Christophe tried to hide the helplessness that threatened to crush him inside. He knelt on the floor at the head of Cervantes' crumpled form, surrounded by a pile of shattered metal, gears, and wires. A gritty concoction of sand and blood soiled his crisp uniform. Christophe looked back down at Miguel's b
urnt and melted face; he barely recognized his childhood companion.
The ship's surgeon was already there, tending to an endless list of injuries: burns, lacerations, and limbs jutting out at impossible angles. At least the man was blessedly unconscious. As it was, Christophe's hands were slick with his blood as he tried to halt the flood of crimson. There were so many tears in his flesh, though, that Christophe felt like he was plugging one of a million holes in a dike; there weren't enough hands in the room to do the job properly.
Dr. Pugh knelt next to him, pushed the empty fire bucket out of the way, and asked in a gentler voice, "What happened, son?"

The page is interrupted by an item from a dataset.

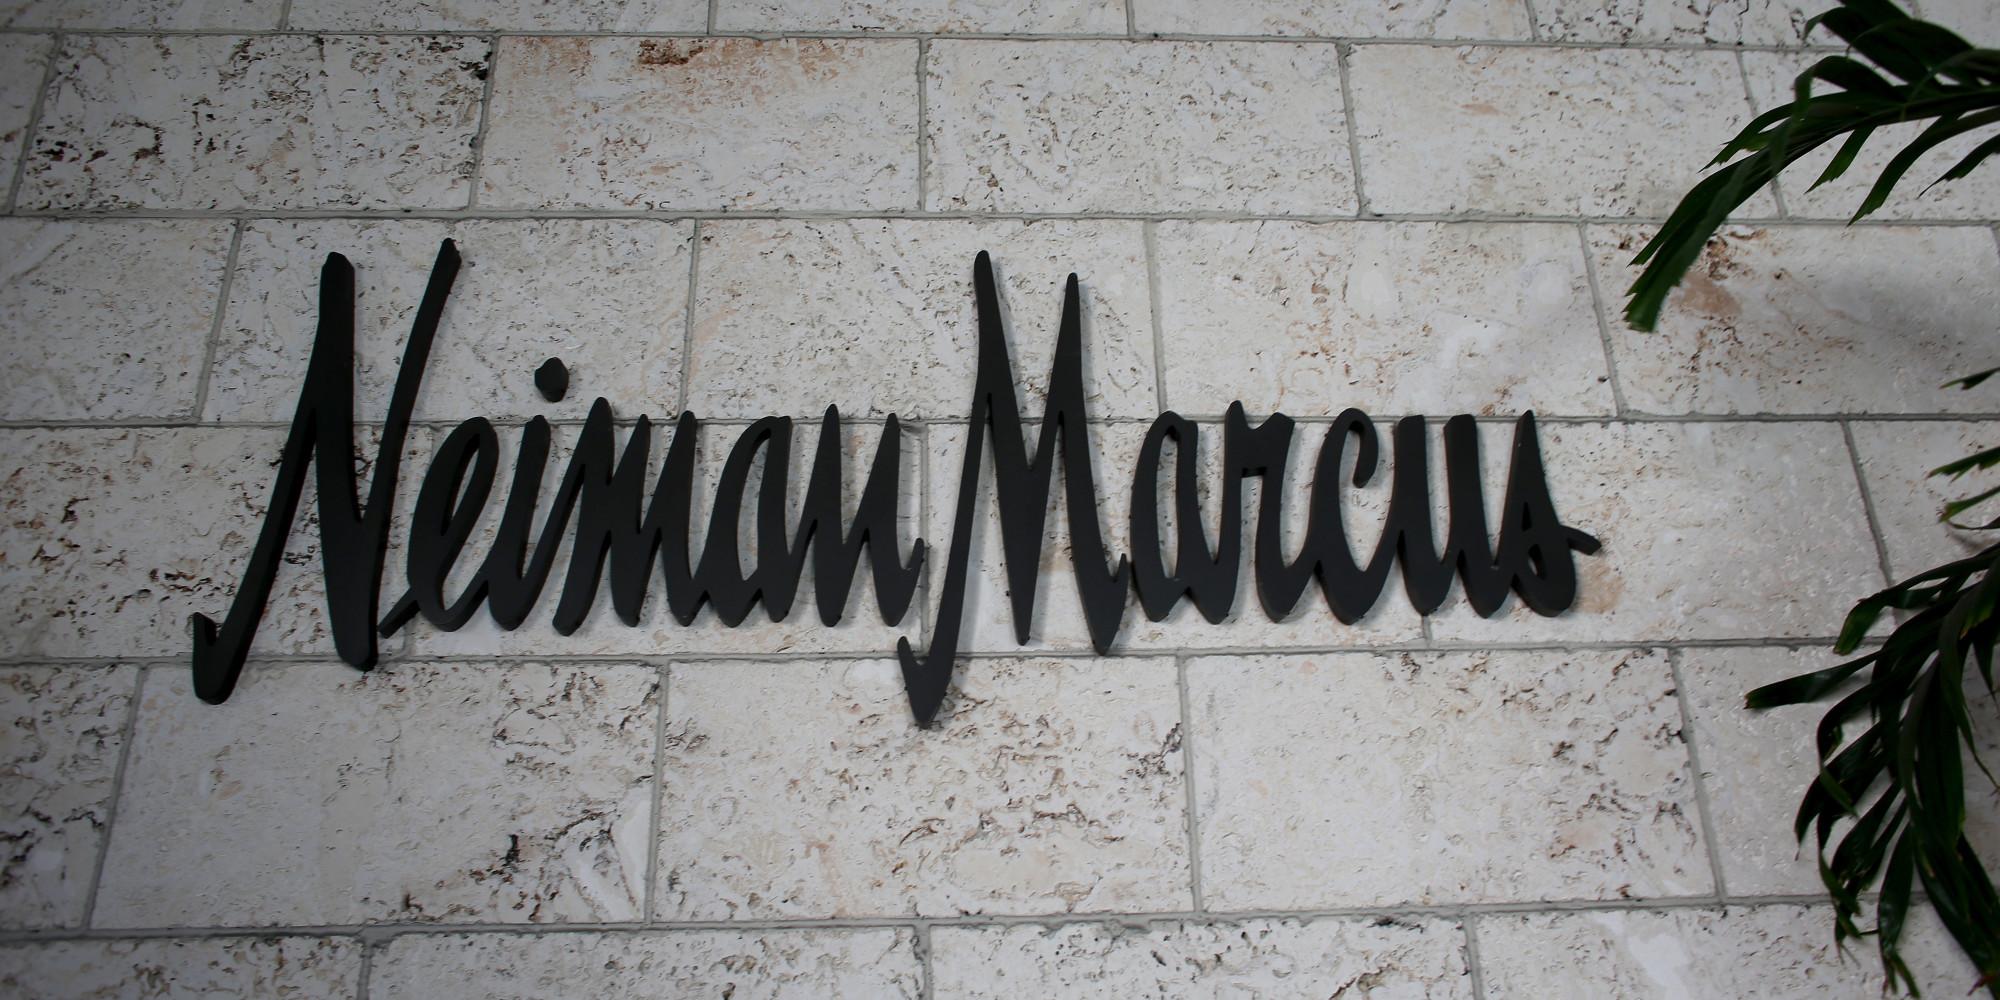 Neiman marcus credit card - Neiman Marcus Credit Card 29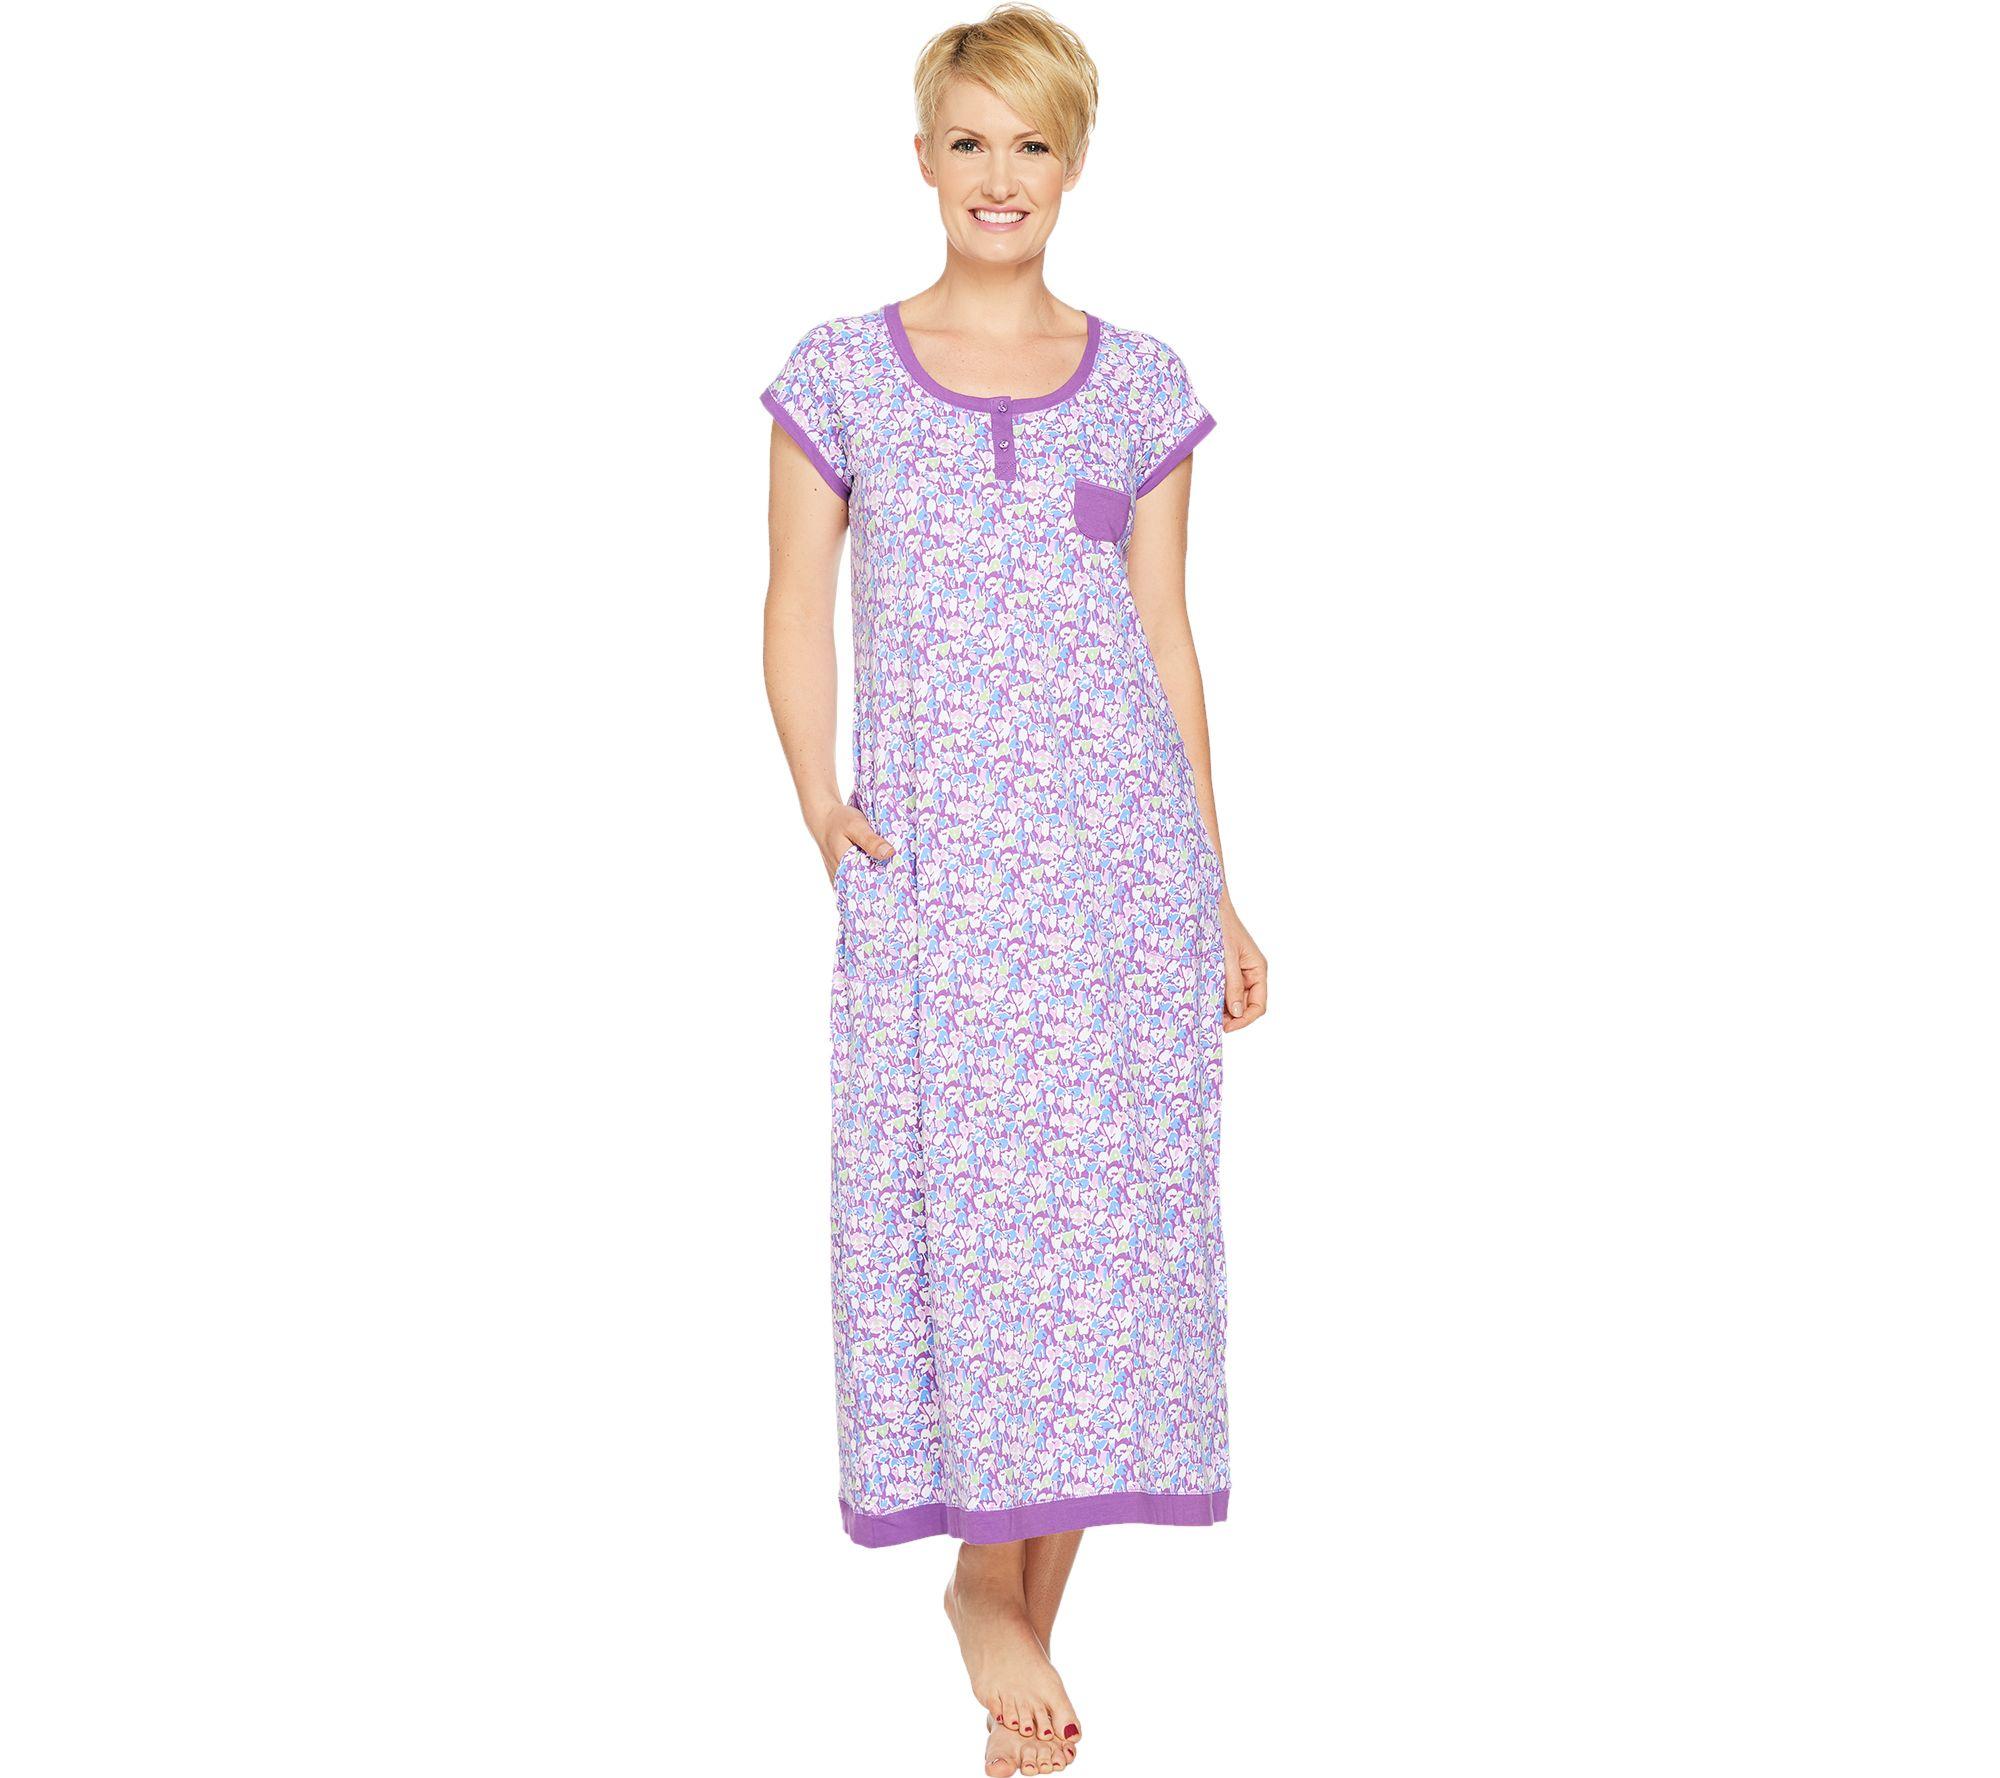 Carole Hochman Ditsy Field Cotton Knit Long Gown - Page 1 — QVC.com

Christophe pointed at the open control panel with his chin. He stammered, "We were test-firing the heat ray against some of the growlers. Miguel reported that one of the valve gears had a problem. Prevented the ray from firing. He was trying to fix it when there was an explosion. Miguel was deep in at the time and took the brunt. We managed to get the fire out before it spread. The other crewmen were able to walk themselves down to sick bay, but he..."
Christophe drifted off, sucked in a short shallow breath, and tried to rein in the wild winds of his feelings. Dr. Pugh rested a hand on his shoulder and gave it a firm squeeze. The pair looked at the surgeon.
"What do you reckon, Paul?" Pugh asked.
Christophe regarded Dr. Paul Hansard with a studied frown. He had seen that solemn look too many times on the lunar voyage; it was engraved into his brain, even without the aid of the redundant memory that Miguel always teased him about.
"Mr. Owen and the others will be fine, but Cervantes' injuries are quite severe," the doctor said. "I need to get him to the surgery. I may be able to staunch the bleeding. It's the burns that concern me, especially the ones in his lungs."
There was a shuffle at the door. Mr. Rathbone entered and took in the scene with horrified eyes. Christophe watched the man navigate around the mud of sand and blood. He shifted a loose sheaf of undelivered messages to his other hand, saluted and said, "You sent for me, Captain?"